What are the Liberal Arts?

By now, you (incoming students) have no doubt undergone the rite of passage that consists of sitting through countless speeches on the sanctity of the liberal arts. This is perhaps especially true of the new students at Claremont McKenna College, a school that boasts of putting the “liberal arts in action.” Understanding exactly what kind of action these liberal arts are planning to take is of some concern; but more crucial is a question that has likely, perhaps surprisingly, remained unanswered to this point: What are the liberal arts?

The idea of the liberal arts is rooted in the writings of Plato, defined as the disciplines that one studies for the sake of knowledge itself, not in order to prepare for a specific vocation (though that may be a side-effect). In Book VII of The Republic, Plato elaborates on several areas of concentration that meet this criteria, which have over time been amended and are today generally thought to include arithmetic, the humanities (history, literature, philosophy, religious studies, and the visual and performing arts), the natural sciences, and the social sciences (economics, political science, psychology, and sociology).
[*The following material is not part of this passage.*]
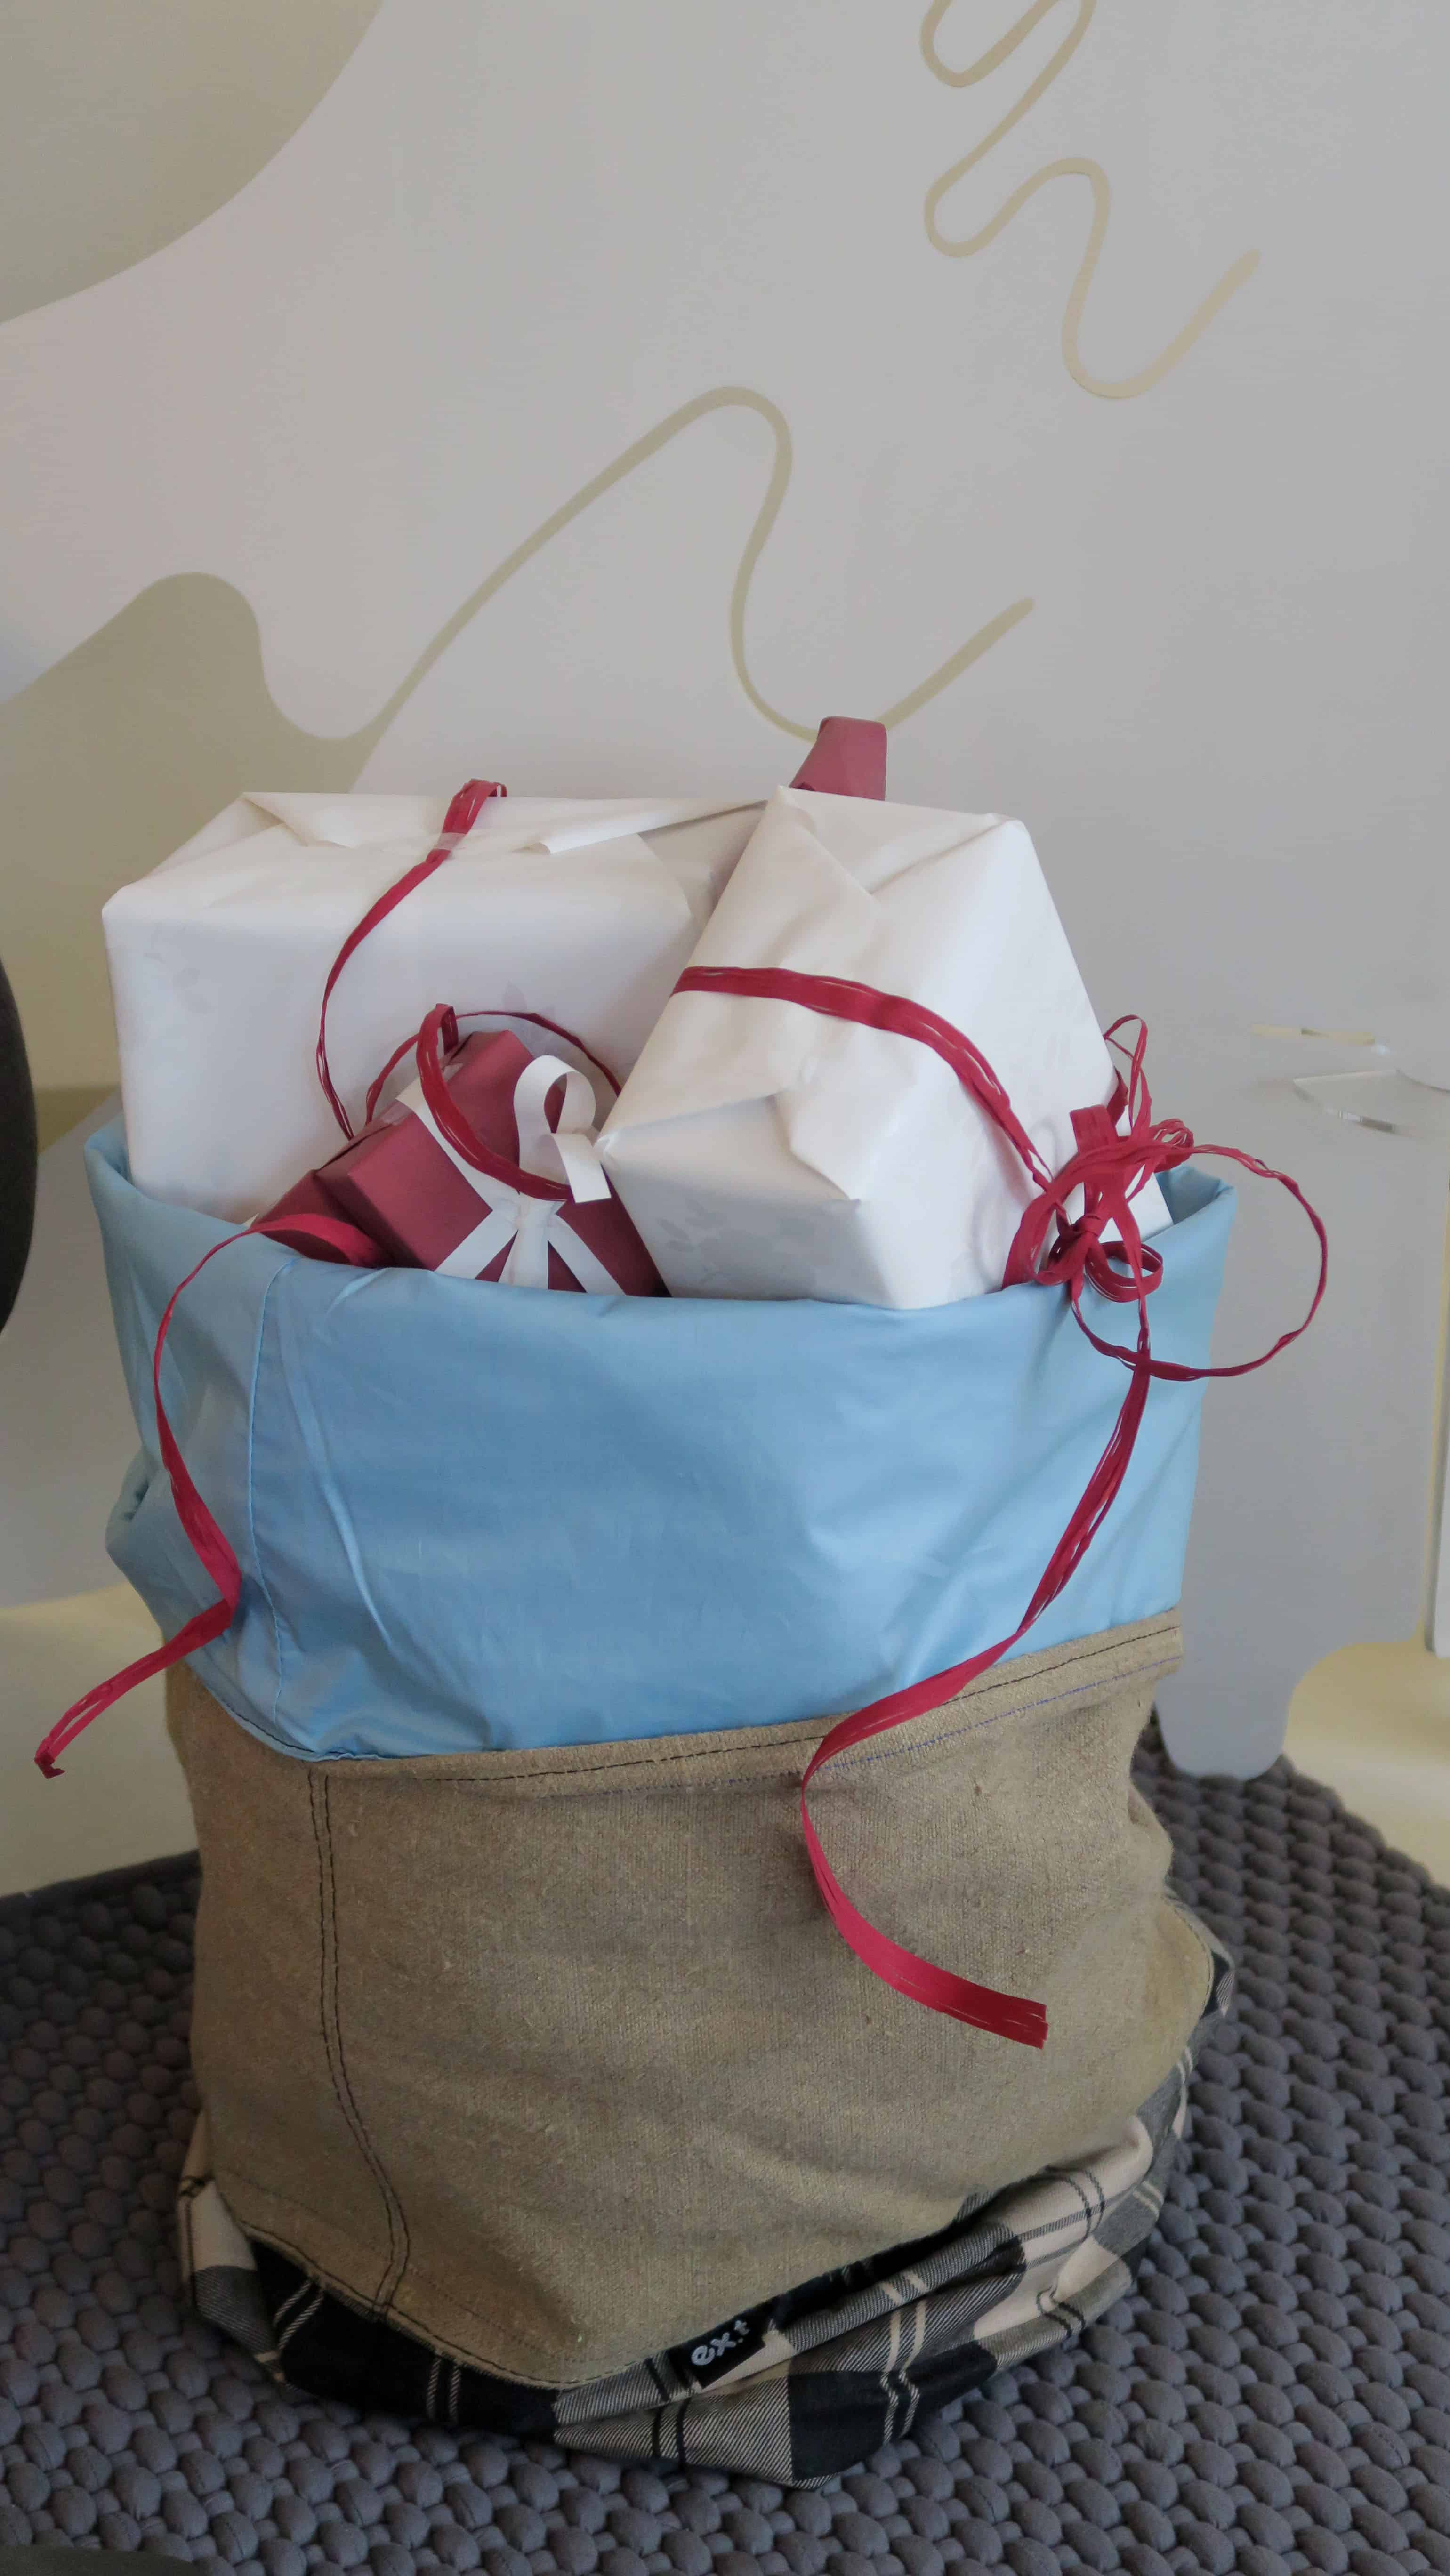 sacco-regali5
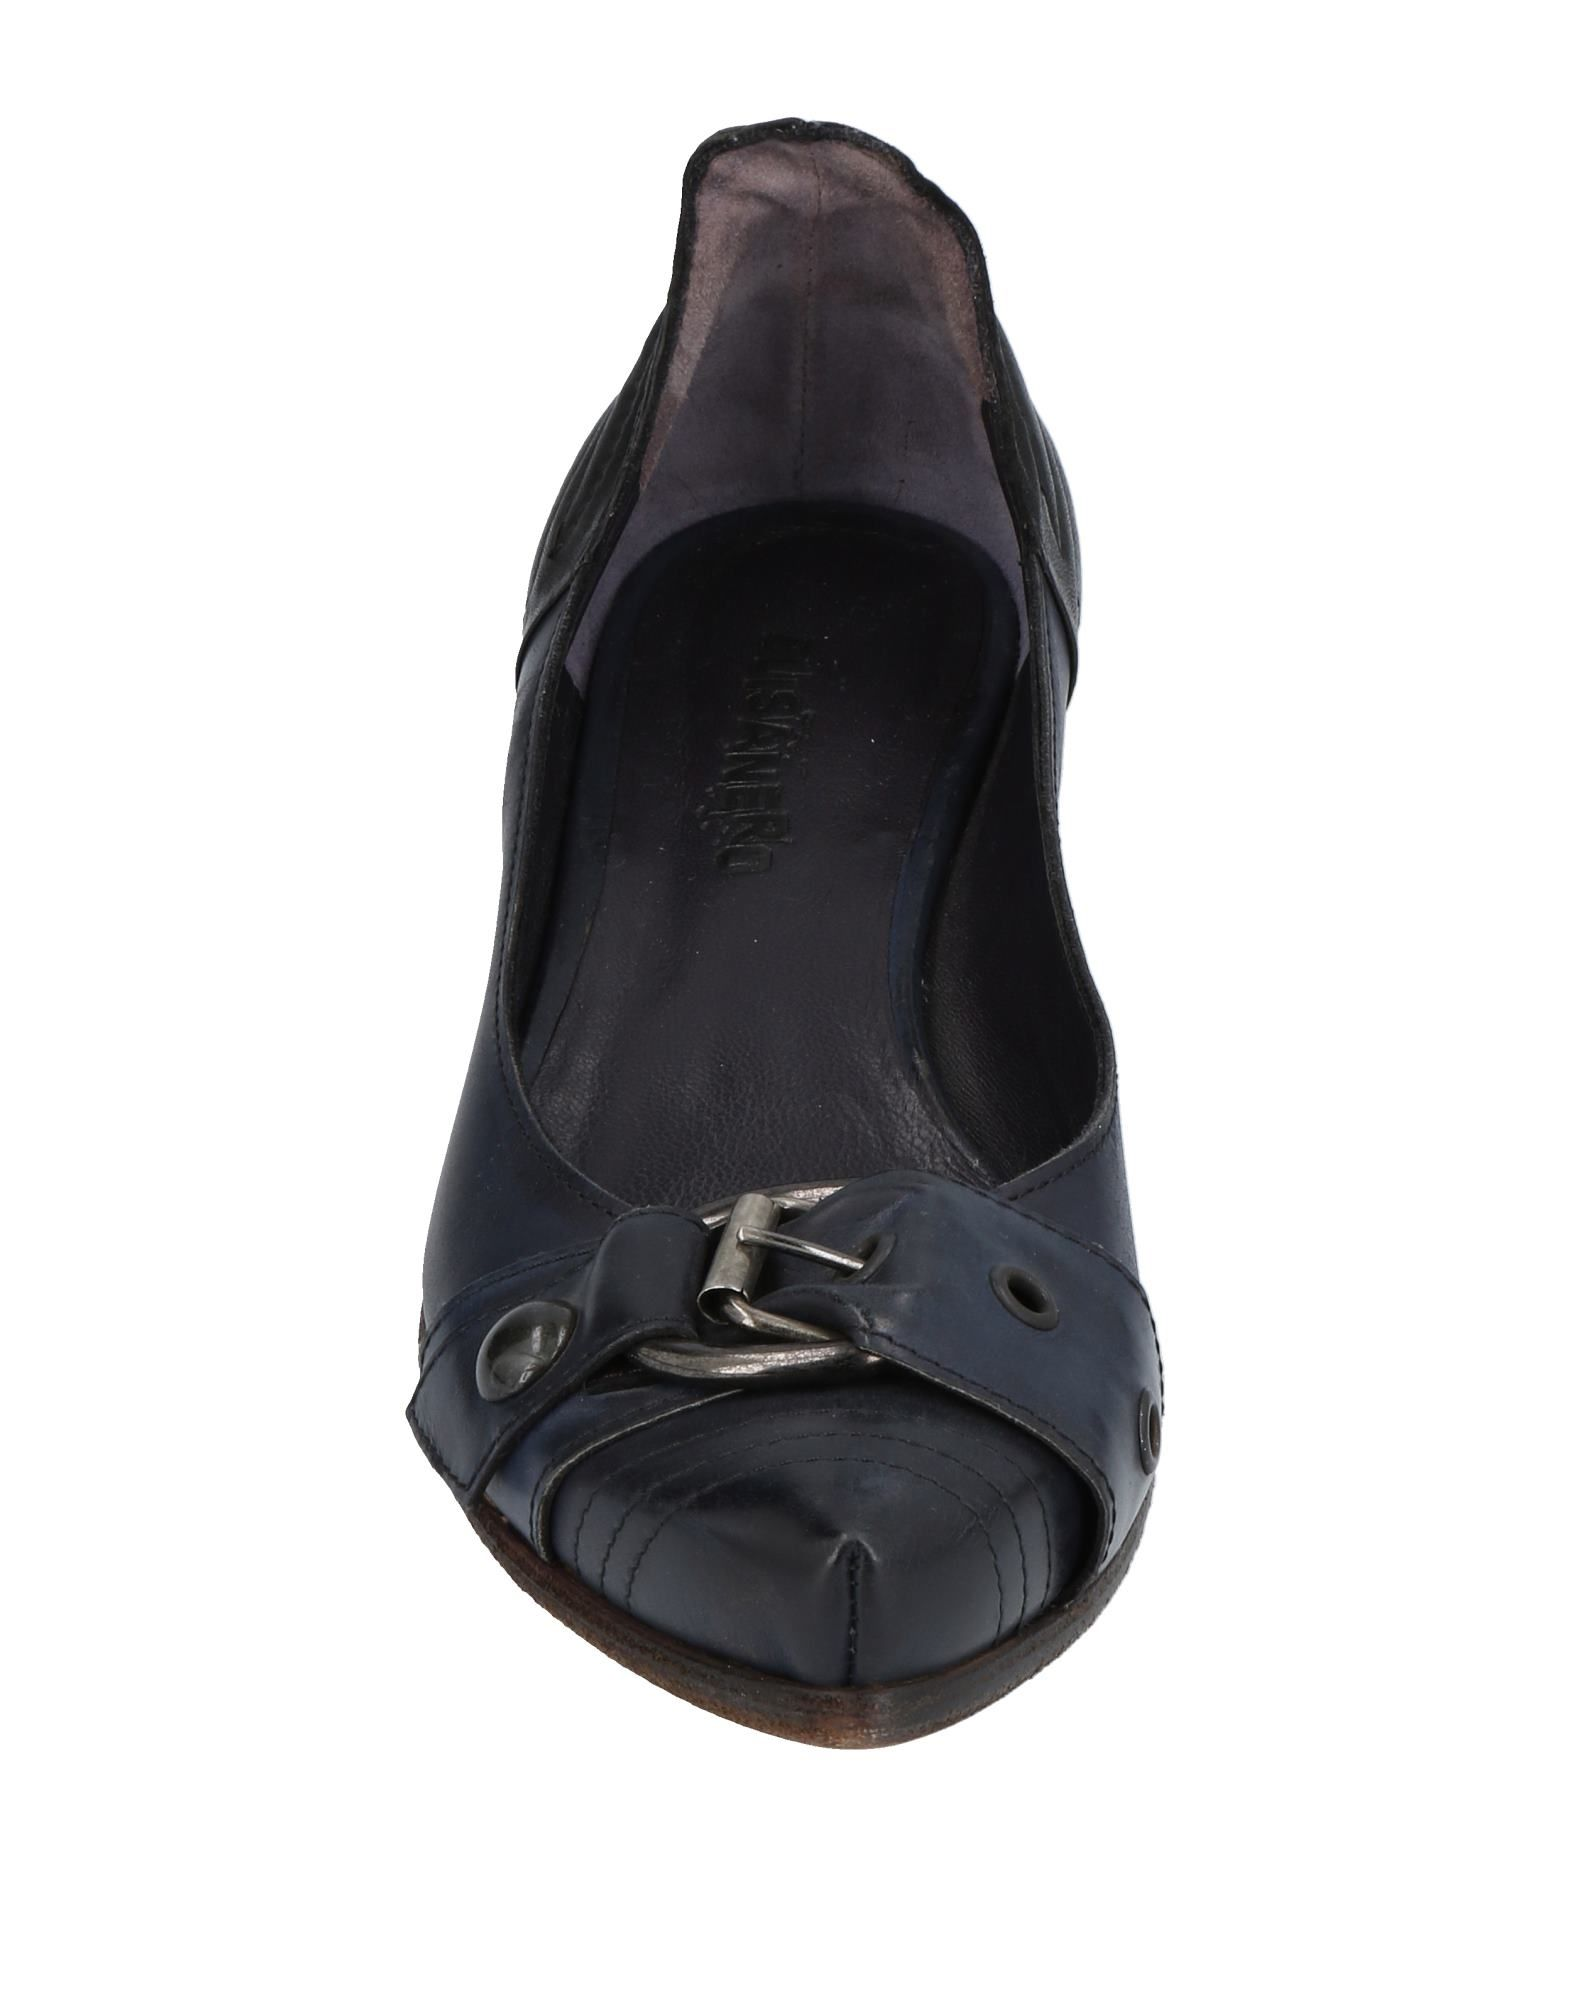 Elisanero Ballet Flats Flats Flats - Women Elisanero Ballet Flats online on  United Kingdom - 11454200DA b65aeb

Thankfully, you only have to choose one of them to study – maybe two if you’re an overachiever (which, of course, you all are). I mean, that’s why we have majors, right? Actually, Plato makes his contempt for specialization of study clear in another of his dialogues, The Apology. It was impossible for the Socratics to consider one who had only mastered a single subject to be truly learned, because true understanding comes with examining difficult questions from every point of view and mode of thought imaginable. The idea that specialization is harmful reveals the crucial concept that the liberal arts are, while distinct, all interconnected. Indeed, how can one look at complex topics, such as abortion or healthcare, without considering the scientific, philosophical, political, and economic realities that necessarily accompany them? What can past human experience, documented in literature and history and art, teach us about these difficult questions that reality alone cannot?

While this may seem daunting, fully understanding each of these disciplines should not be the standard by which you measure the success of your liberal arts education. A few hours of concentration every week over the course of a semester is woefully inadequate for becoming completely learned in any particular subject; similarly, four years’ or even a lifetime’s worth of thought is insufficient for mastering the liberal arts. Even Socrates at his time of death admitted to being ignorant of much of the world, but he also regarded the humility that he acquired from fully understanding his own ignorance as one of the great advantages of the examined life. Don’t be surprised if, four years from now, you leave this campus with more questions than answers; even more, be happy – it means you did something right.

So, what does this add-up to? What does thinking the most profound thoughts that have ever been thought, reading the most eloquent words that have ever been written, over a diverse array of subjects and without corrupting bias, ultimately create? Well, it creates you. The liberal arts are ultimately about, through understanding the world, understanding and creating your “self.” It’s about having those Elizabeth Bennet moments, where you don’t recognize the “you” of two seconds ago.

When I read Alexis de Tocqueville, Jane Austen, and the greatest thinkers that humanity has produced, see the way that they make seamless connections between what just prior seemed like completely different worlds, put to eloquent language what I could only describe as shapeless emotions and feelings buried somewhere deep within my soul, it makes me unable to recognize the person who occupied my body just moments ago. It’s a humbling experience, but it’s also an addicting one. These moments demonstrate just how completely wrong you were about a particular idea, show how woefully inadequate your own thought was to a certain problem, and reveal the deep-set flaws in your character; but they also develop within you a passion to read anything you can get your hands on and to push the limits of your thought in order to find the next major breakthrough. And developing this mentality, developing a tireless thirst for knowledge and inexhaustible dedication to thought, is what studying liberal arts is about.